Record Profits from a Different Strategy
Interestingly, Japanese automakers have benefited from being slow to adopt EVs. Toyota, for example, has reported record profits thanks to its focus on hybrid and ICE vehicles. In FY2024, Toyota achieved a net income of ¥4.944 trillion ($34.1 billion), largely driven by strong sales of hybrids and traditional vehicles, even as the global shift towards EVs gained momentum. This hybrid-first strategy has provided a financial cushion, allowing Toyota to invest heavily in future technologies while maintaining robust profitability (Toyota USA Newsroom) (Autoline).
A Silver Lining?
Despite the doom and gloom, some industry experts maintain a cautiously optimistic outlook. The demand for EVs is expected to rebound as supply chain issues are resolved and governments push for greener technologies. For instance, the Japanese government plans to increase the number of charging stations from 30,000 to 150,000 by 2030, which could bolster long-term EV adoption.
Automakers are also shifting towards internalizing battery production to reduce dependency on external suppliers. Tesla and Toyota are leading this charge, with significant investments in in-house battery production. Strategic alliances are becoming vital, with companies like AESC expanding partnerships beyond Nissan to include Renault, BMW, and Honda.
Conclusion
Japan’s automakers have been slow to adapt to the rapidly changing EV market, but strategic moves and government support are paving the way for a potential comeback. Leveraging subsidies, expanding production capabilities, and forming strategic alliances are key to regaining a competitive edge in the global EV market.

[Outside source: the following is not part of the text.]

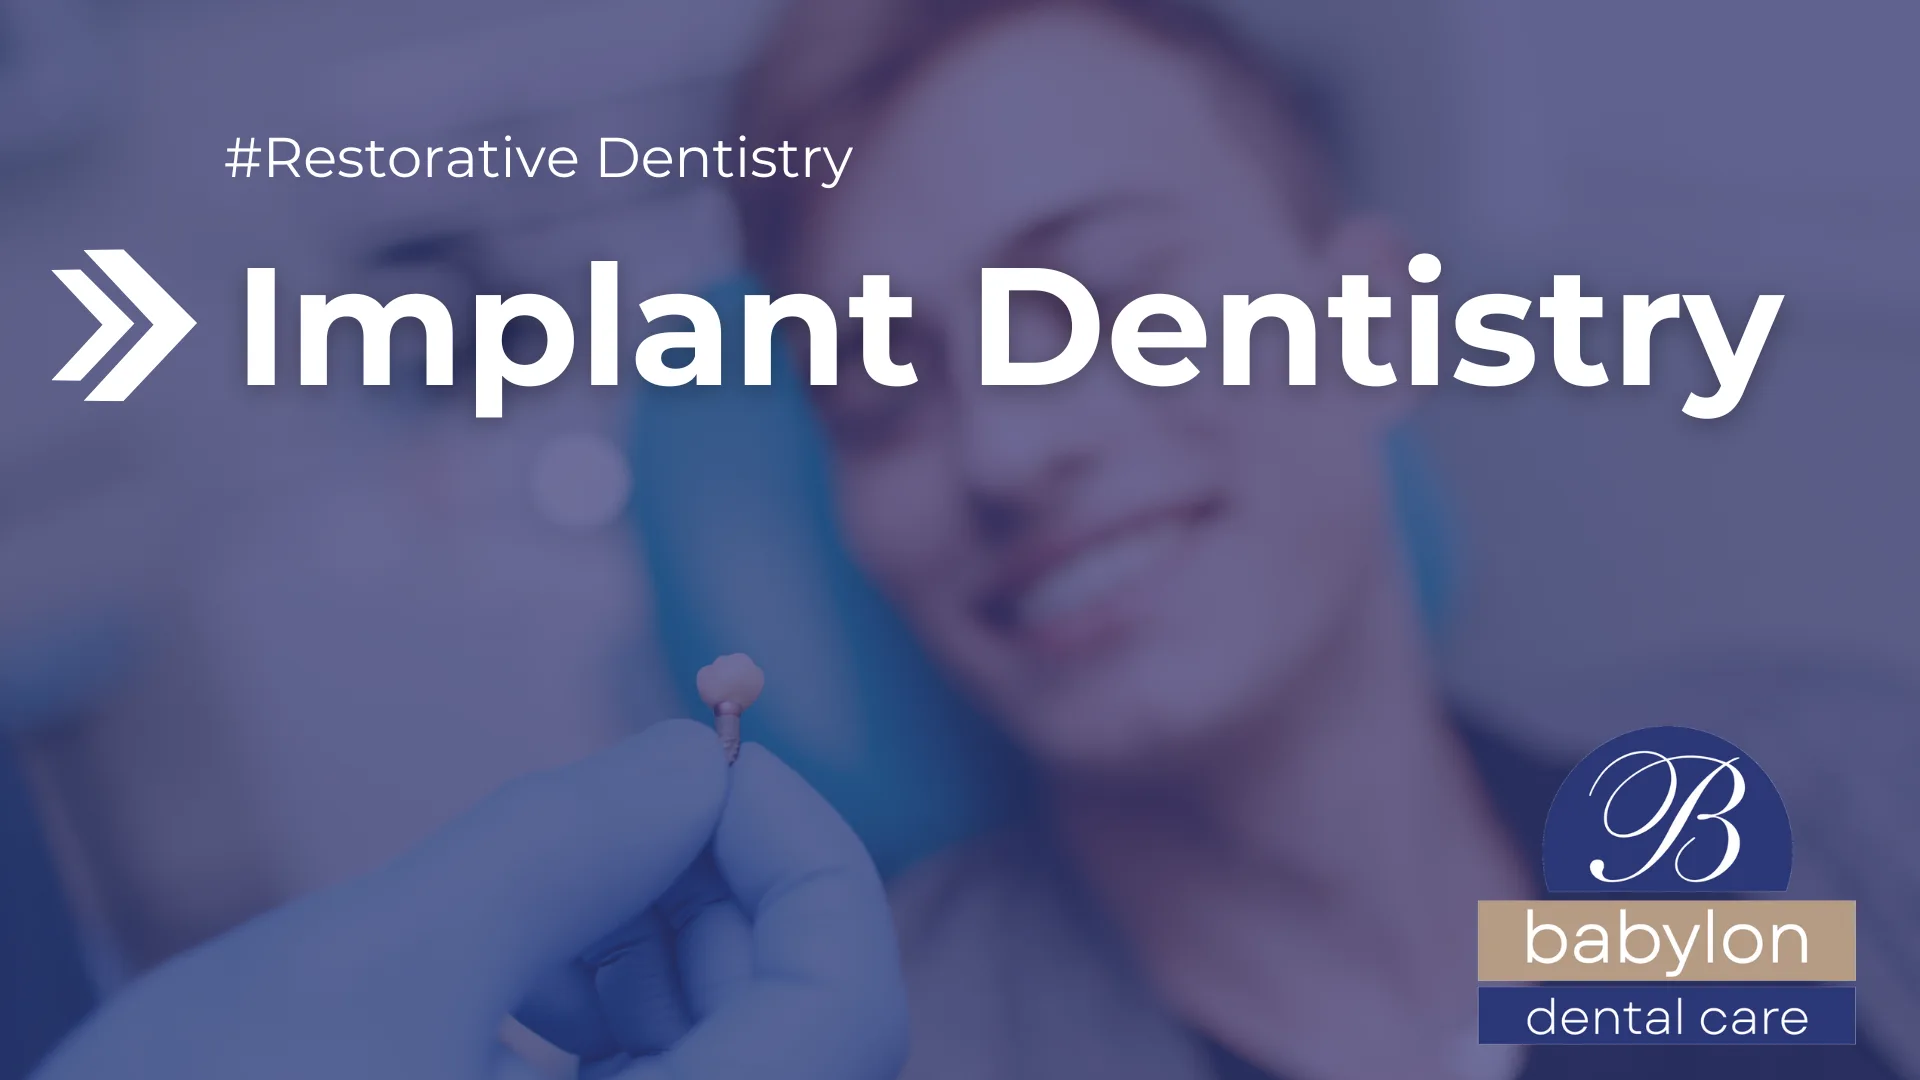 Implant Dentistry Image - new logo

However, the next few years will be critical as they navigate the challenges of an oversupplied market and fluctuating demand.
The stakes are higher than ever. It’s not just about ramping up production; it’s about ensuring there’s a market ready and willing to embrace these electric vehicles amidst a turbulent and highly competitive landscape. The resilience of Japanese automakers in the hybrid and ICE sectors has bought them time, but the clock is ticking as the global EV market evolves
I am very surprised that you did not at all mention by far the most interesting part of Honda's EV strategy.......Sony Honda Mobility. This is a JV that increasingly looks next generation, and like they have something special on their hands if they market and sell it well. Aside from anything else.....it has the potential to totally reinvent Sony as a mobility technology company and see them get a big second act. And since we now know that Honda's new EVs (O series) and the Sony EV (Afeela) will share the platform its clear that Honda is going to lean heavily on Sony's tech prowess.

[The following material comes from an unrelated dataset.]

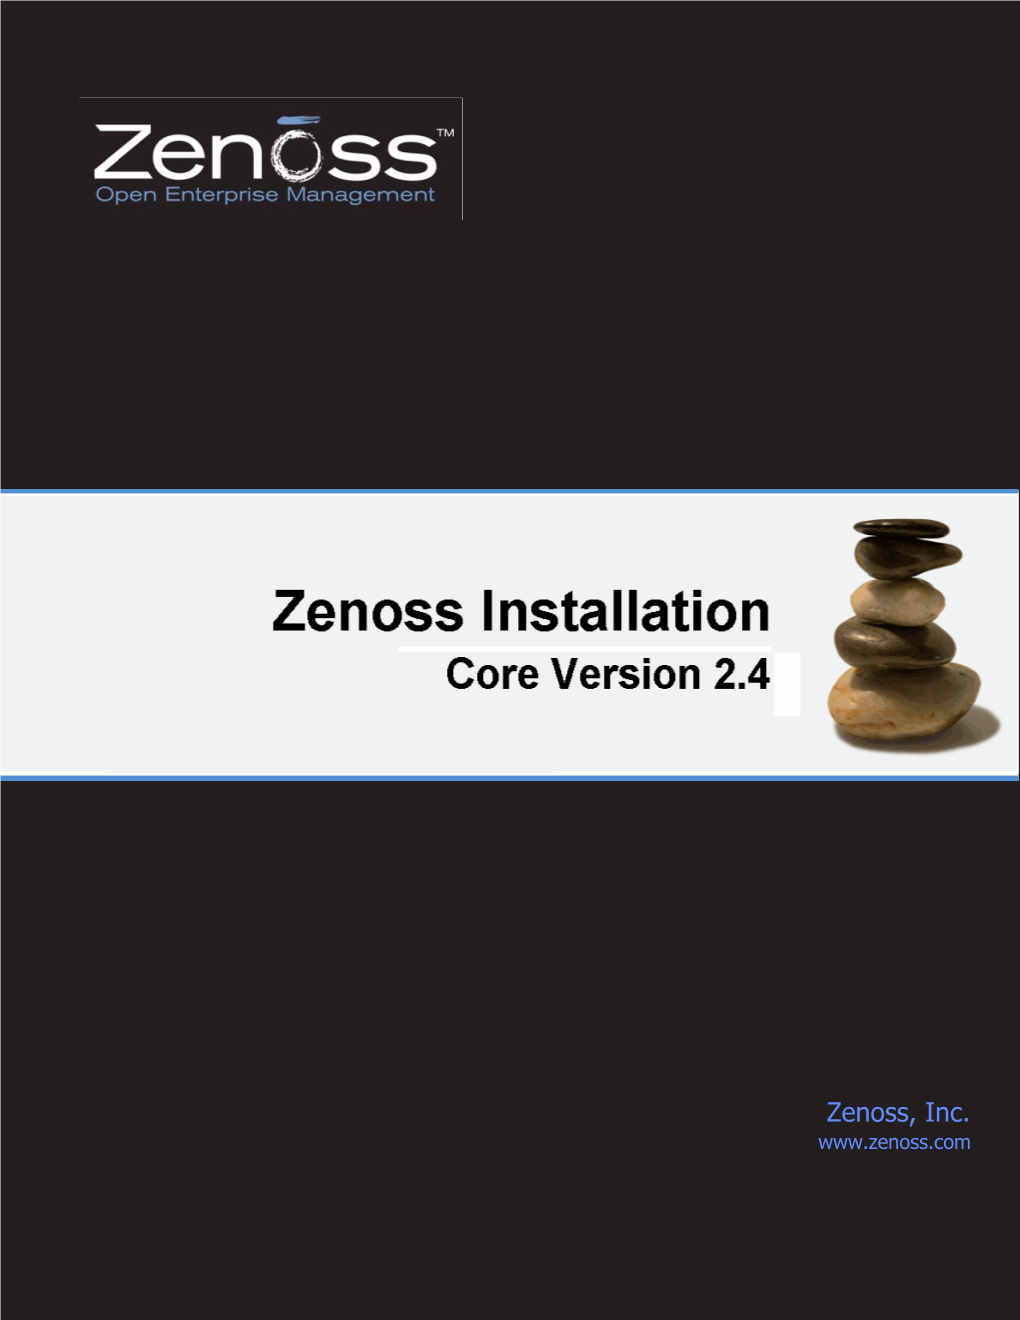 Zenoss Installation for Core Version

Thanks for the comment, and sorry for the late reply! I've actually done some reading on Nissan Sakura after reading your comment and wow, apparently Nissan's leadership was also shocked by the popularity of the car, so they might finally put some more money on the cheap EV segment, something they dominated in the Leaf era. Toyota has for the longest time been saying that they wouldn't enter the EV market seriously until solid state batteries became viable. Maybe they're still waiting for that, but then I think 2027-28 is a bit optimistic. I think we'll see incremental incremental innovations until then, but nothing major until 5-10 years from now, especially when it comes to mass market products. So, if you want an EV in the coming years, buying a used Tesla now or in 2 years will likely give you a similar range, price and experience.